A state in transition
North Carolina’s status as a swing state is relatively recent. Over the past 40 years, the state has only gone for a Democratic presidential candidate once, narrowly voting for Barack Obama in 2008. In 2012 and 2016, the state swung back to the GOP – but by some of the smallest margins in the country.
Mr. Trump’s “suburban slump” has been particularly evident in North Carolina, where he has gone from a 24-point lead among suburban voters in 2016 to a 21-point deficit in 2020.
“This state is really transitioning in ways that many people don’t realize,” says Michael Bitzer, chair of political science at Catawba College and creator of Old North State Politics blog.
That transition seems to be fueling Mr. Cunningham’s modest lead in the Tar Heel state, which has some of the fastest growing suburbs in the country. A recent Fox News poll found Mr. Cunningham holding a 16-point lead among suburban voters.
Nash County offers an example of another, less-noticed warning sign for the Trump and Tillis campaigns: softening support among working-class white voters, particularly women.
In 2016, Mr. Trump won white voters without a college degree by 37 points nationally and by 44 points in North Carolina. Two recent Fox News polls, however, show that Mr. Trump’s lead among this demographic has shrunk to a 9 point advantage nationally and a 15 point lead in North Carolina.
More diverse than the country as a whole, Nash County is 41% Black, with a median household income almost $12,000 less than the national average. In 2014, Mr. Tillis won the area by less than 2 percentage points. In 2016, Mr. Trump won the county by 84 votes.
Kim Taylor, a hairdresser and single mother, says she’s voted a straight Republican ticket her entire life – including in 2016. But she’s become so discouraged about the direction of the country that she doubts she’ll even vote at all this November.
“People thought that Trump would make them matter, and that he would make America great again,” says Ms. Taylor, leaning on her cart in a Walmart aisle as customers bustle pass. “I haven’t seen anyone come around who could give a better life to me, my kids, and my grandkids. I’ve just lost faith.”
Others suggest they’ll vote for Mr. Trump – and Mr. Tillis – begrudgingly. “I think Trump is a scumbag,” says Karen, who works on her father’s sweet potato farm and declines to give her last name because “talking politics around here is bad for business.”
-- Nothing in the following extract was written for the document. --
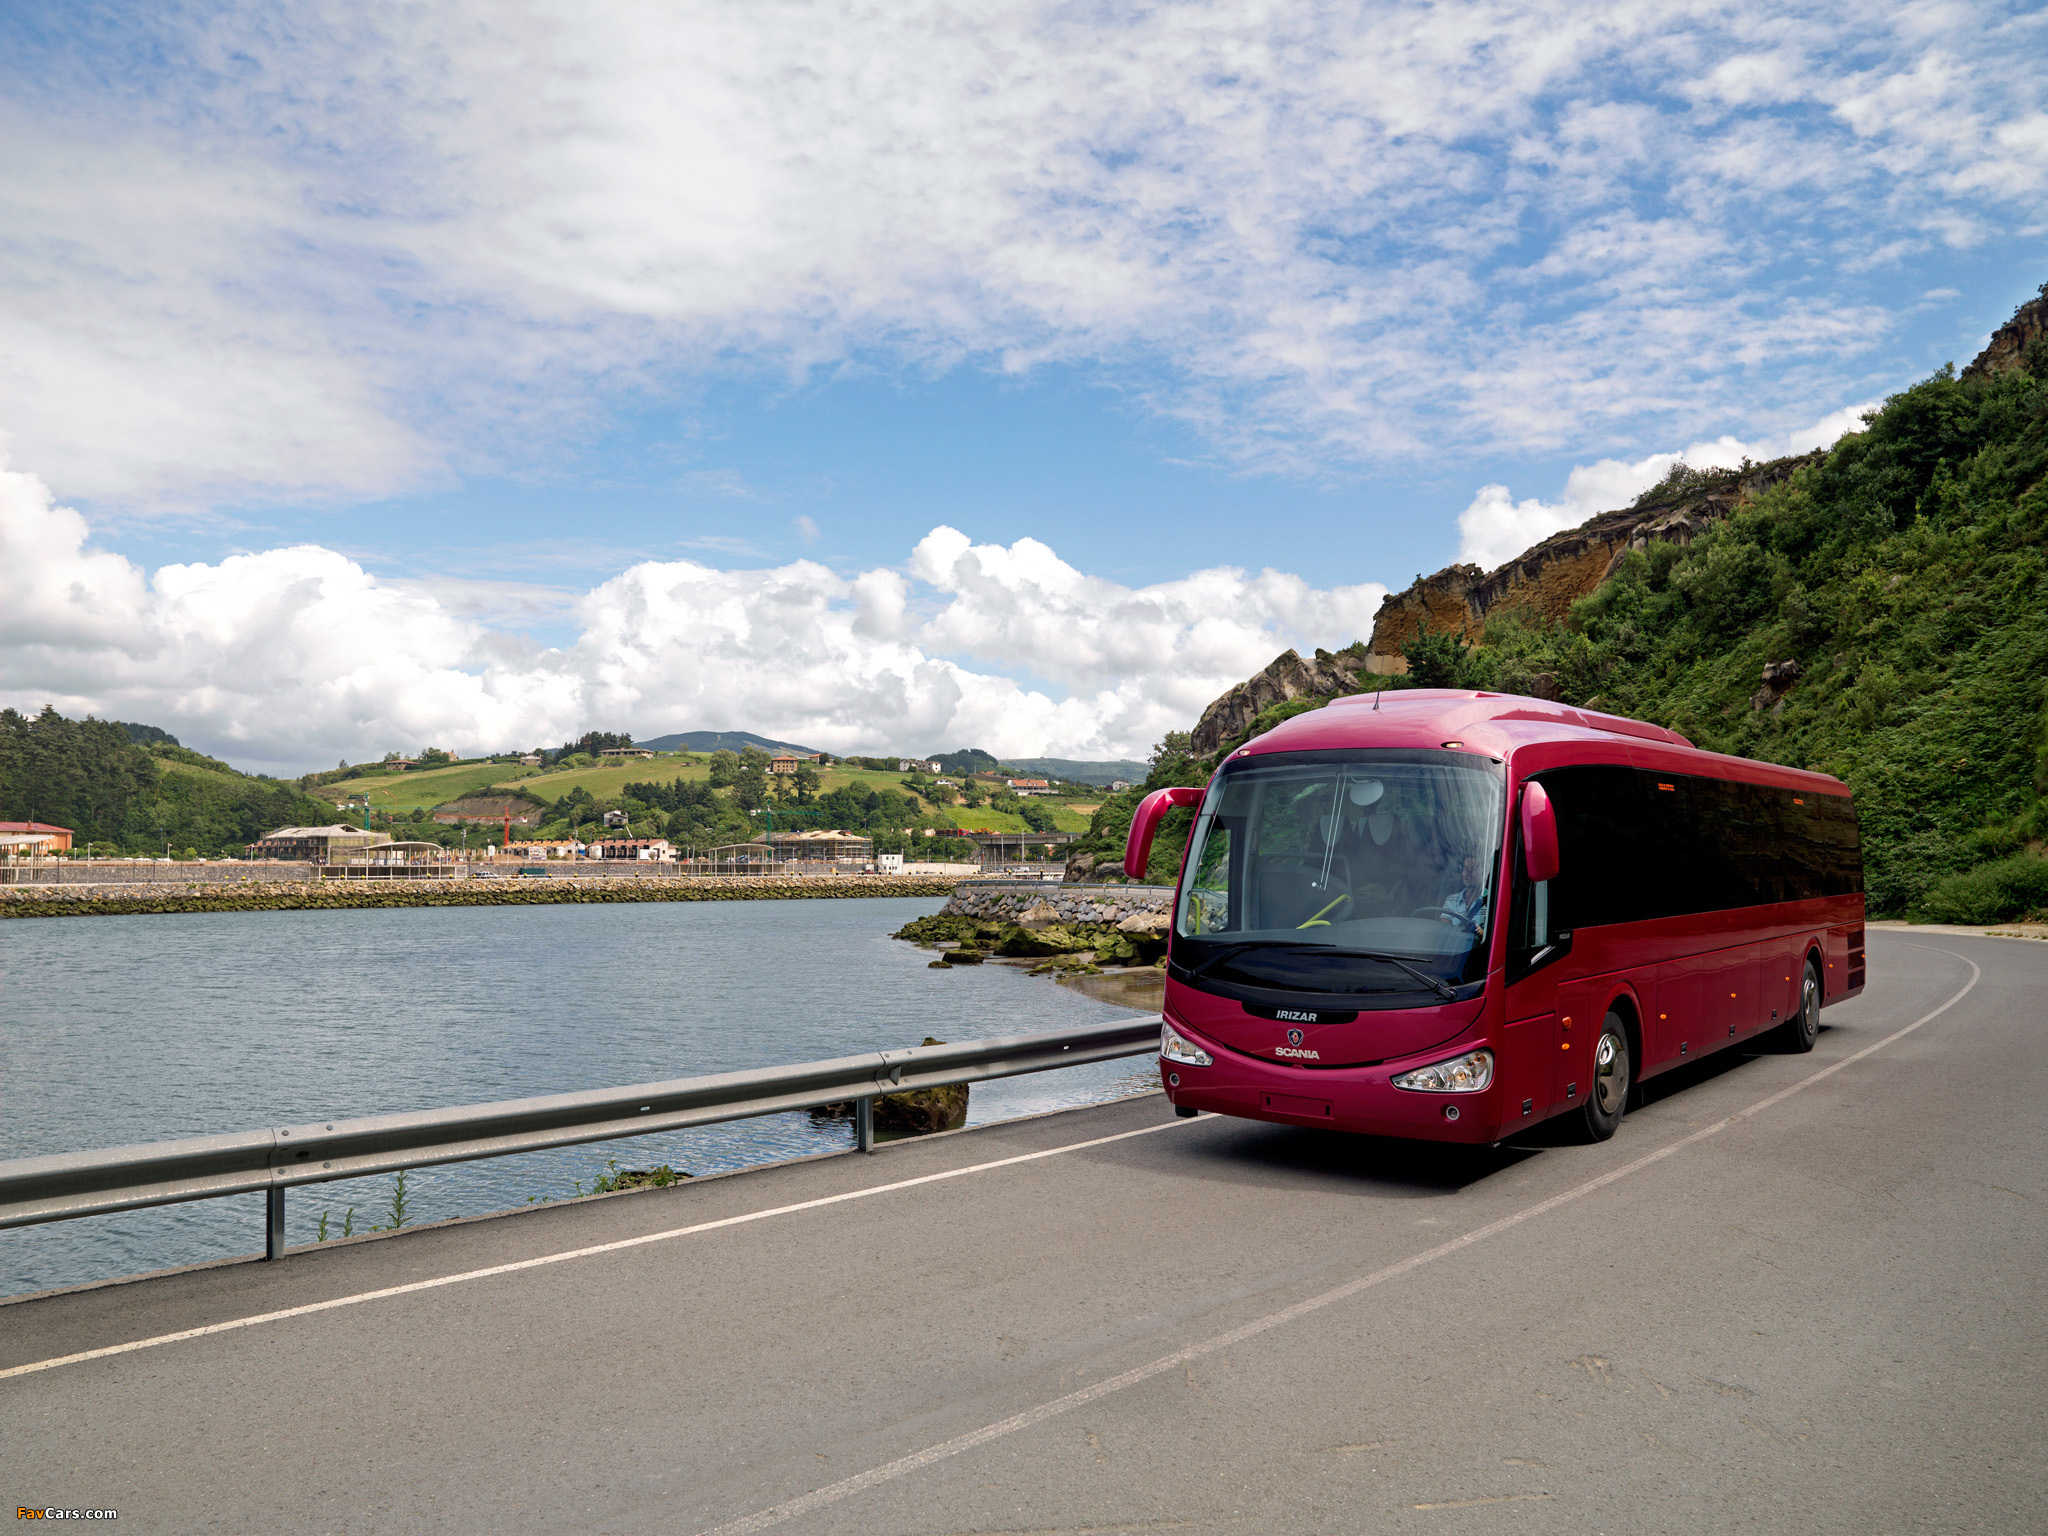 Автобусные туры на выходные. Irizar i4. Irizar i4 автобус. Автобус на море. Красивый автобус.

“All I see is everyone around here posting on Facebook about how bad Trump is,” she says, while shopping at the Piggly Wiggly. “But in the end, I’m a conservative,” she shrugs.
Still, some here believe that support for the president has actually grown.
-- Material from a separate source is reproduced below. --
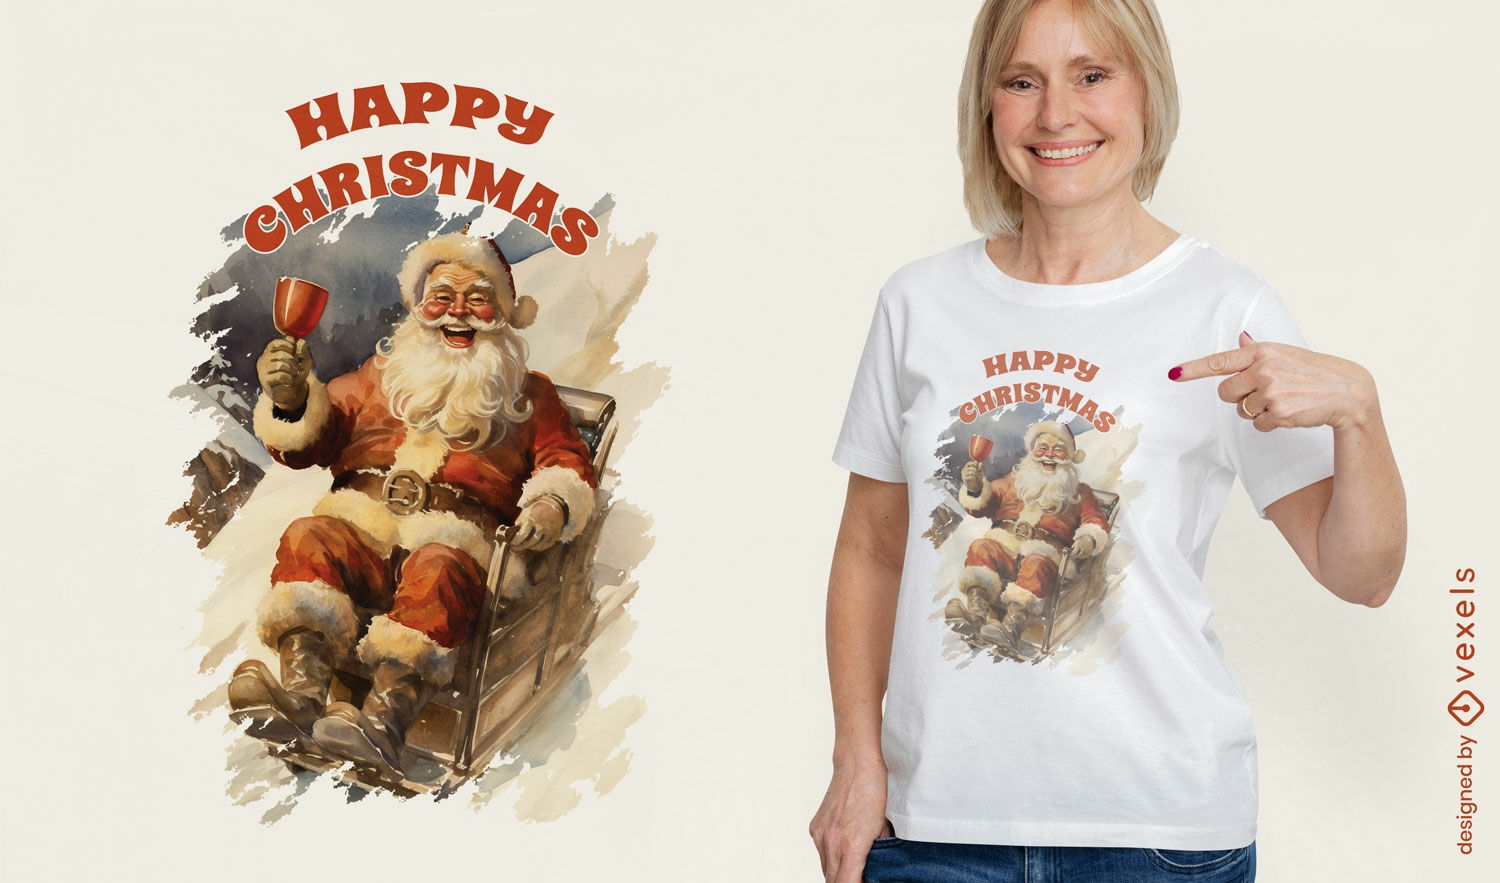 Celebrando el diseño de camiseta de Santa Claus.

“From what I’ve seen, rural North Carolina has really rallied around President Trump, more than any other president that I can remember,” says Ms. Leggett, who has lived in the area for almost her entire life. “And I think that support is going to trickle down for Senator Tillis.”
And it’s far from clear that Mr. Biden has Nash County in the bag. While he captured the Democratic nomination in large part due to overwhelming support among Southern Black voters, enthusiasm among many African-American residents here seems lackluster. One Black woman leaving the Piggly Wiggly simply says she “stays out of politics,” and another says she “didn’t vote in 2016, and doesn’t plan to in 2020.”
James, who installs hardwood floors for a living and declines to give his last name, offers some of the strongest support. “I will vote in November, and you know it won’t be for Trump. So yeah, I guess it’ll be Biden,” he says, snacking on a bag of Cool Ranch Doritos in front of a gas station in Spring Hope.
“I mean, it’s gotta get better, right?” he adds. “We all need to come together.”